M. Taine as a man of letters 261
Political preparation needed for the historian 262
M. Taine's conception of history 265
Its shortcomings 266
Chief thesis of his book 268
The expression of this thesis not felicitous 269
Its substance unsatisfactory 272
Cardinal reason for demurring to it 275
Adaptation of the literary teaching of the eighteenth
century to the social crisis 277
Why that teaching prevailed in France while it withered
in England 280
Social Elements. The French Court 282
The Nobility 283
M. Taine exaggerates the importance of literature 286
Historic doctrine could have saved nothing 287
Lesson of the American Revolution 288
Conclusion 289
ФРАНЦИЯ В XVIII
ВЕКЕ. [1]
Известие о том, что один из самых изобретательных и талантливых литераторов Европы работает над историей Французской революции, вызвало некоторые сомнения у тех, кто много размышлял о качествах, подобающих историку. Г-н Тэн обладает качествами литератора лучшего типа; он наделен тонким критическим чутьем, позволяющим уловить секрет манеры автора или художника, проникнуть в доминирующие и центральные идеи, заметить абстрактное и общее под случайными формами, в которых они скрыты, связать достижения литературы и искусства с фактами общественной жизни и импульсами человеческого характера и бытия. Он мастер стиля, который, пусть ему и недостает широты, твердости, устойчивой и ровной силы великого письма, всегда энергичен, свеж и оживлен той спонтанной реальностью и независимостью интереса, которые отличают подлинного писателя от простого ткача предложений и рабского ремесленника пера. Как содержание, так и форма лучших работ г-на Тэна — а мы говорим «лучших», ибо его труды отнюдь не лишены различий в достоинствах — доказывают, что он не уклонялся от труда и суровости исследователя, от того презрения к наслаждениям и жизни, полной упорного труда, благодаря которым только и можно овладеть искусством точного и законченного выражения или накопить значительные знания.

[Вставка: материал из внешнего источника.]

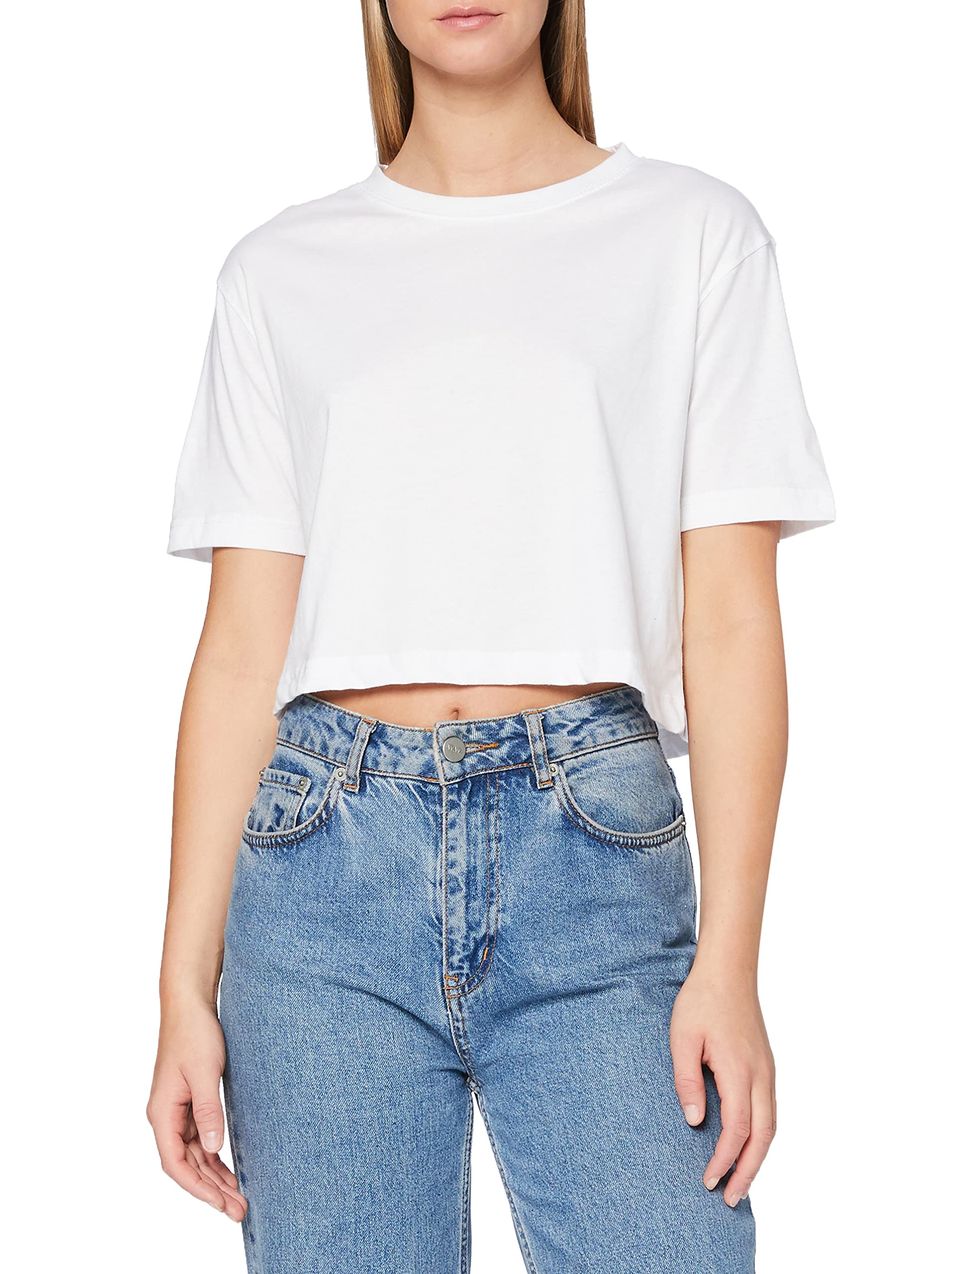 Urban Classics The Oversize Women's T-Shirt Short Sleeve White M

[1] «Происхождение современной Франции». Том I. Старый порядок. Автор: И. Тэн. Париж: Ашетт. 1876.
Но при всей своей привлекательности и высокой полезности, гений литературы в собственном смысле слова отличен от гения политической истории. Дисциплина здесь иная, ибо иная и материя. Чтобы критиковать «Общественный договор» Руссо, требуется один набор навыков, а чтобы судить о действиях Учредительного собрания или Конвента, требуется набор совершенно иных навыков. Человек может обладать острейшим чувством филиации идей, их охвата и смысла, и при этом иметь весьма тусклый или незаинтересованный взгляд на игру материальных сил, своенравные приливы и отливы больших собраний людей, грубые и неуклюжие методы, которые иногда ведут к достижению мудрых политических целей.

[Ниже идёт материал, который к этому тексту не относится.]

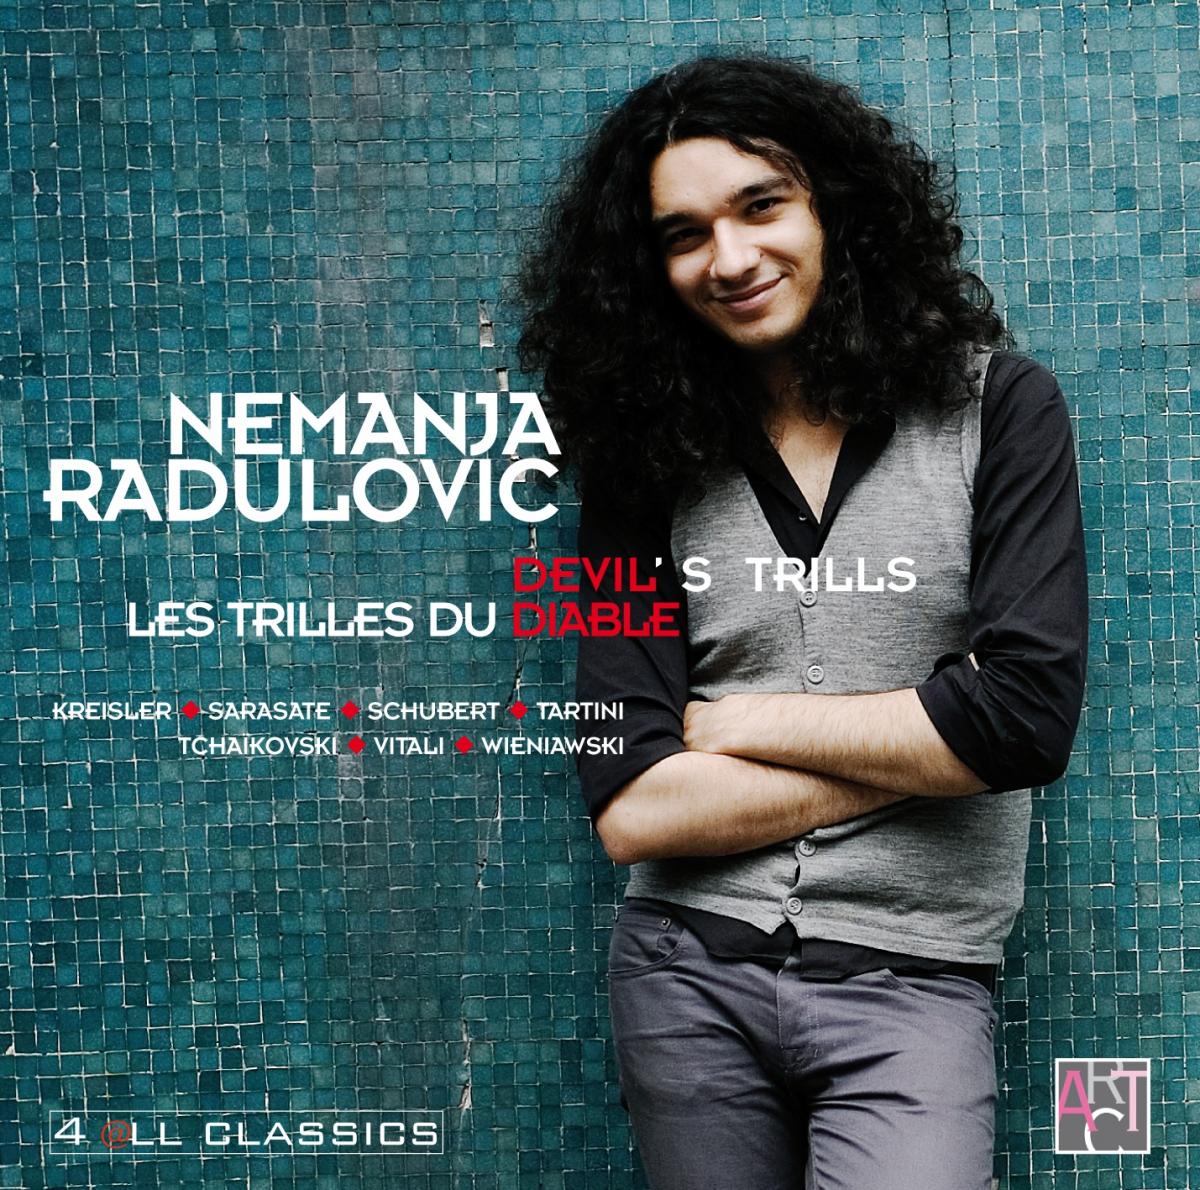 Nemanja Radulovic, Les Trilles du Diable AR001

Пожалуй, не будет слишком смелым выдвинуть следующее положение: никакая хорошая социальная история не была написана человеком, который либо сам не принимал более или менее активного участия в общественных делах, либо не был завсегдатаем круга лиц, принимавших такое участие в значительных масштабах. Всем известно, что говорил Гиббон о преимуществе для историка Римской империи в том, что он был членом английского парламента и капитаном гренадеров Гэмпшира. Фукидид командовал афинской эскадрой, а Тацит занимал должности претора и консула. Ксенофонт, Полибий и Саллюстий были людьми дела и общественных начинаний. Гвиччардини был послом, правителем и советником правителей; а Макиавелли был всем этим и многим другим. Вольтер был проницательным другом величайших принцев и государственных деятелей своего времени и не раз участвовал в дипломатических сделках. Робертсон был влиятельным партийным лидером в Генеральной ассамблее Церкви Шотландии. Грот и Маколей были активными членами парламента, а Халлам и Мильман были доверенными членами кругов, где государственные дела были главной темой ежедневных дискуссий среди людей, ответственных за доведение их до успешного завершения. Гизо был премьер-министром, Финлей — откупщиком греческих налогов. Самый ученый из современных английских историков несколько лет назад баллотировался в графстве и в своих исследованиях прошлого обычно вдохновляется интересом к политике настоящего. Немецкие историки, чьи дарования в реконструкции прошлого столь ценны и своеобразны, по большей части были столь же активно заинтересованы в общественных движениях наших дней, как и в движениях любого века до или после христианской эры. Нибур занимал не один политический пост, отличавшийся достоинством и важностью; а из исторических писателей нашего времени один заседал в нескольких прусских парламентах; другой, некогда наставник прусского принца, жил в атмосфере высокой политики; в то время как все лучшие из них принимали участие в подготовке политического духа и идей, которые вернули Германии всю полноту и возвышенность национальной жизни.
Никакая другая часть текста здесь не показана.